Will there be any performance difference for using lambda that captures variables or passing them as parameters? If I'm in position that I can use whatever, should I always prefer one of those options over other? Are there any rules about that? Or it's just a matter of which one likes?

PS: I'm aware that in same cases I will have don't have such choice, for example using stl algorithms, I'm asking about situation where I can use both

CodePudding user response：

A rough answer:

Are you converting the lambdas into objects (like std::function) at some point?

If not, and every lambda usage is through a template, most likely it is all inlined and it just doesn't matter. Most STL taking a lambda parameter work like that and it is very fast. In this case use whatever is easier to read and comprehend in the future.

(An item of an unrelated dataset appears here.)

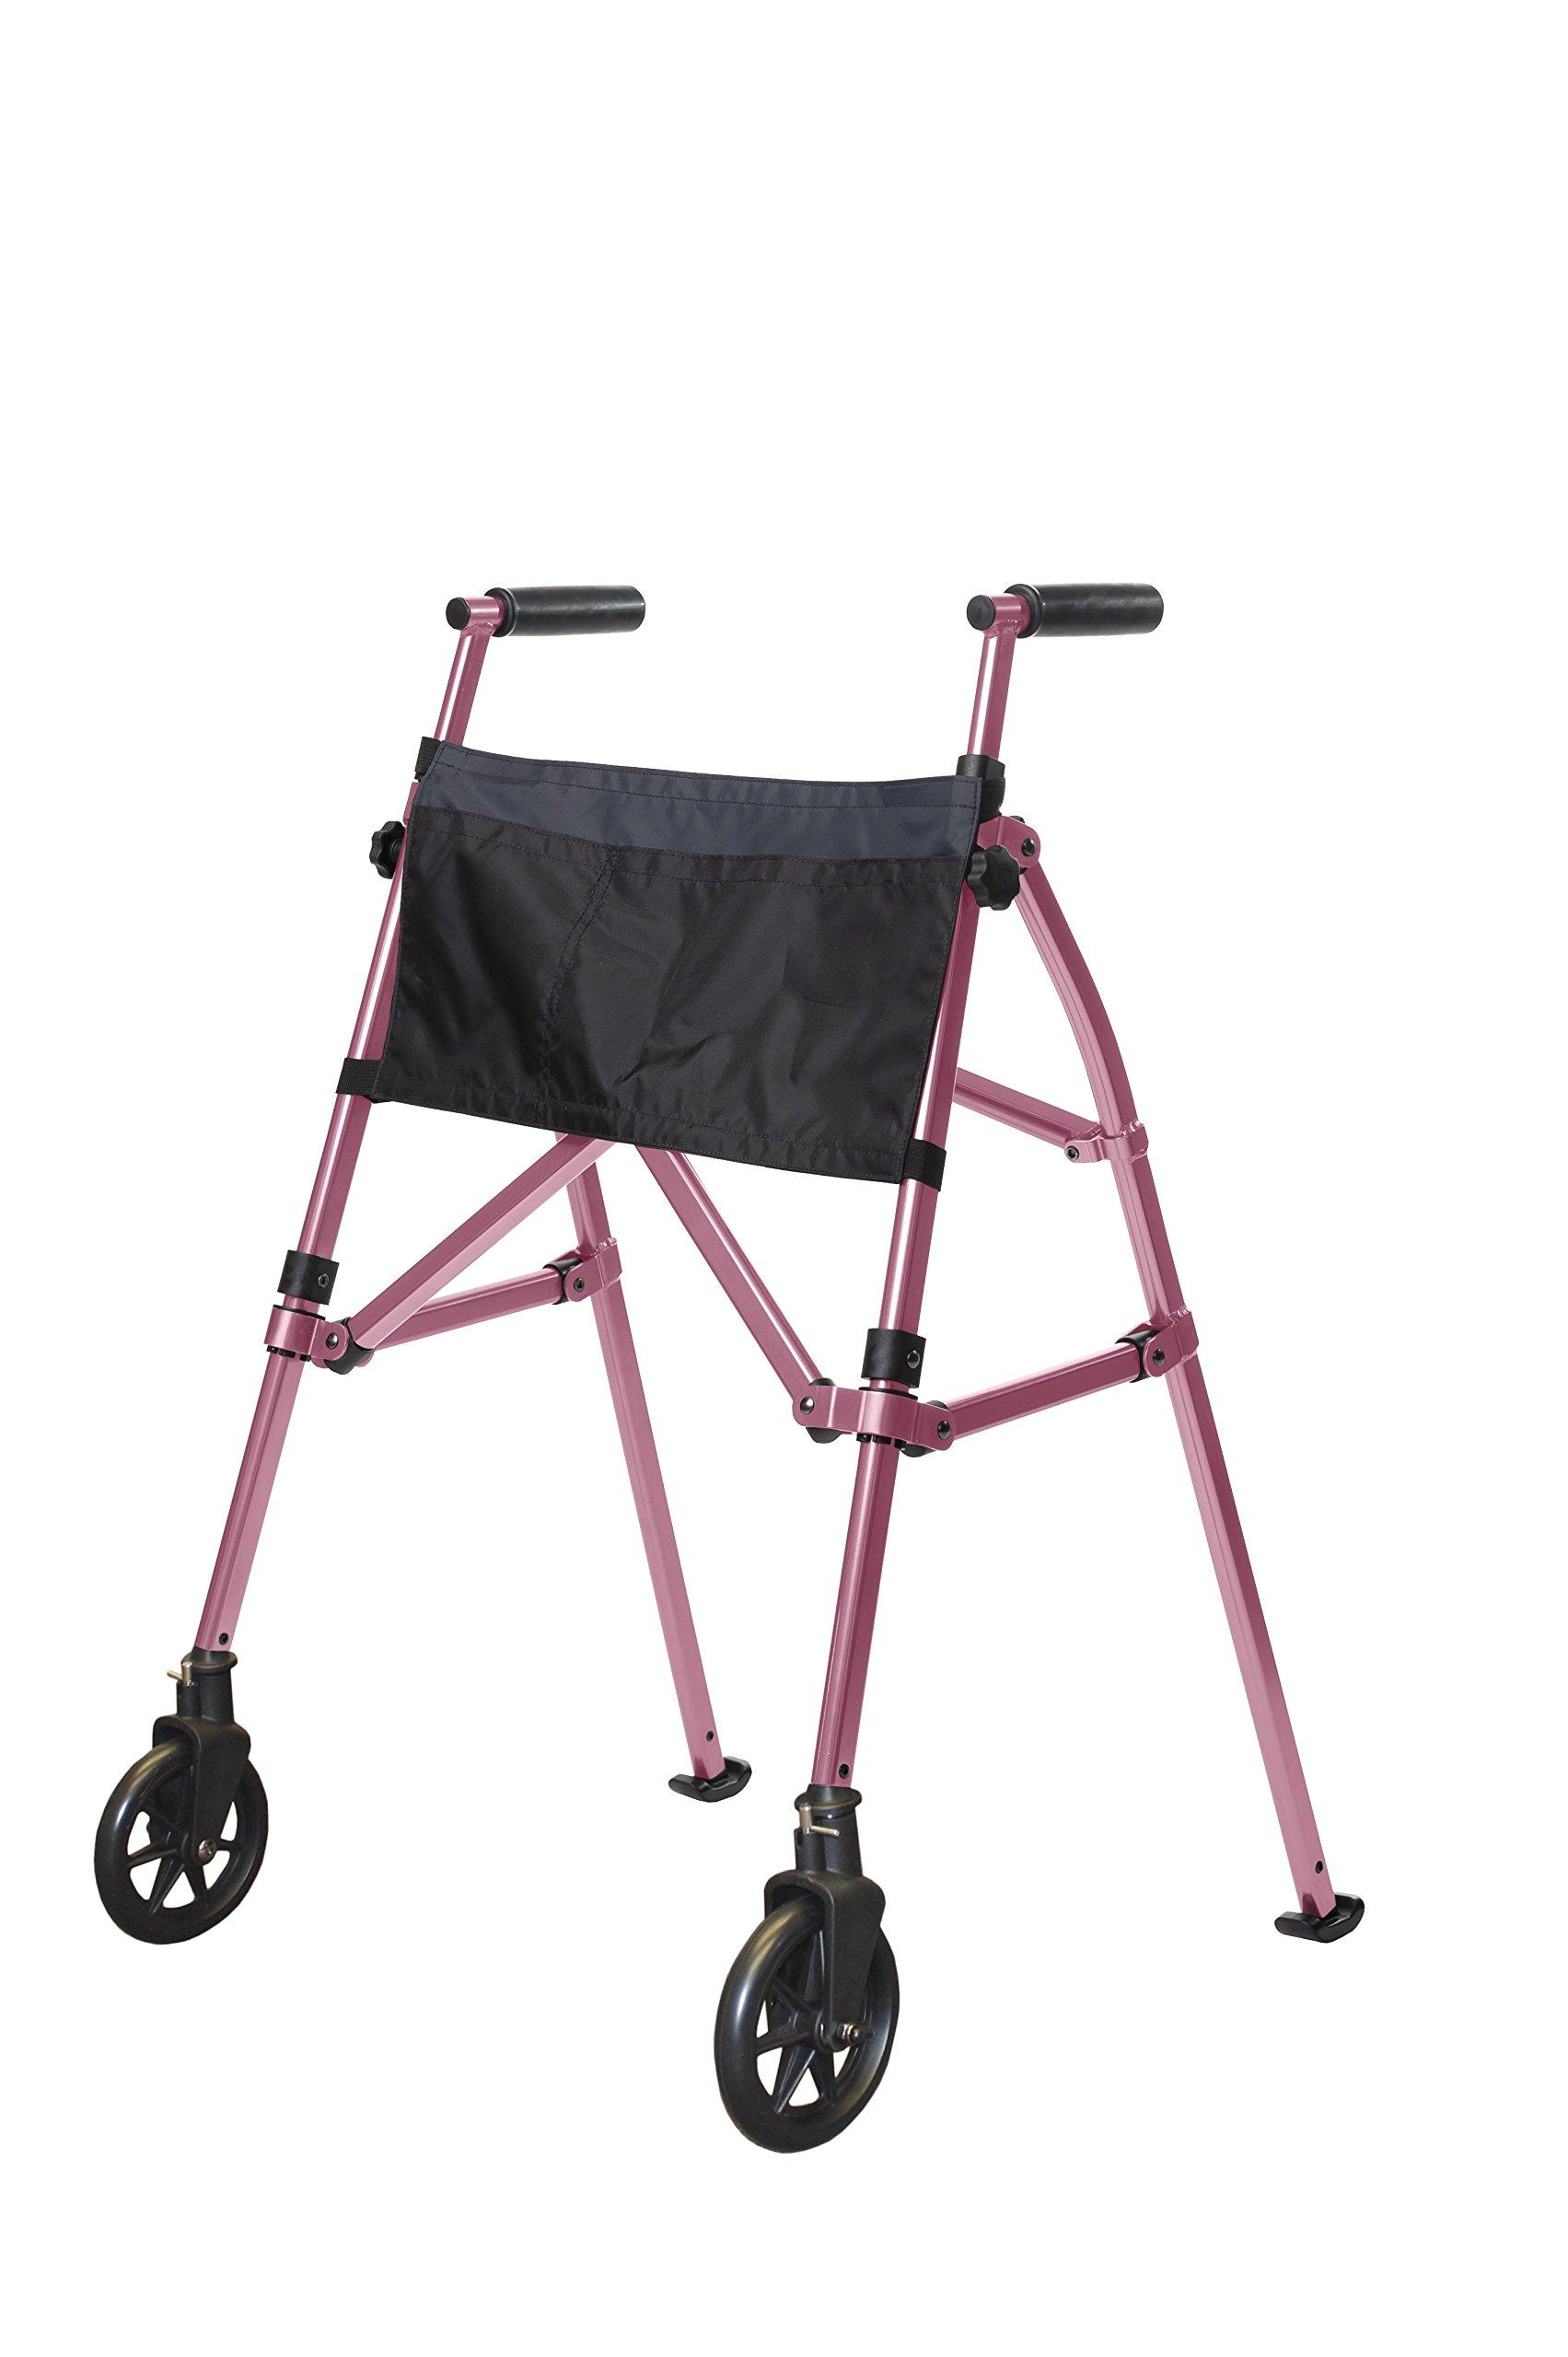 Stander EZ Fold-N-Go Walker - Lightweight Folding & Height Adjustable Adult Travel Walker for Seniors + Locking Swivel Wheels & Pouch - Regal Rose

If you do convert it into a function object, then using a regular function pointer instead of std::function is cheaper, because there are no dynamically-allocated capture objects hanging with the function itself.

A more accurate answer: benchmark it!

CodePudding user response：

Capture and parameters are simply different in nature and are optimized differently.

Let's look at your lambdas under the hood:

struct lambdaFunction1_type {
    auto operator()(someClass& obj, int x) const { /* ... */ }
} lambrdaFunction1{};

struct lambdaFunction2_type {
    someClass& obj;

    auto operator()(int x) const { /* ... */ }
} lambdaFunction2{someClassObj};

As you can see, capture acts like class data members, and parameter acts like... well, a parameter. Both serves different purposes.

Both also use different inlining processes. As always, compiler optimizations are much less effective when using a polymorphic wrapper such as std::function. The compiler may not optimize away the size of a dynamic allocation without heap elision, so it might affect how much optimization is possible.

If I'm in position that I can use whatever, should I always prefer one of those options over other? Are there any rules about that?

I'd say always go with what's the clearest for you. If you have concerns over performance, measure, benchmark and profile.

You can also go check the assembly some code generates.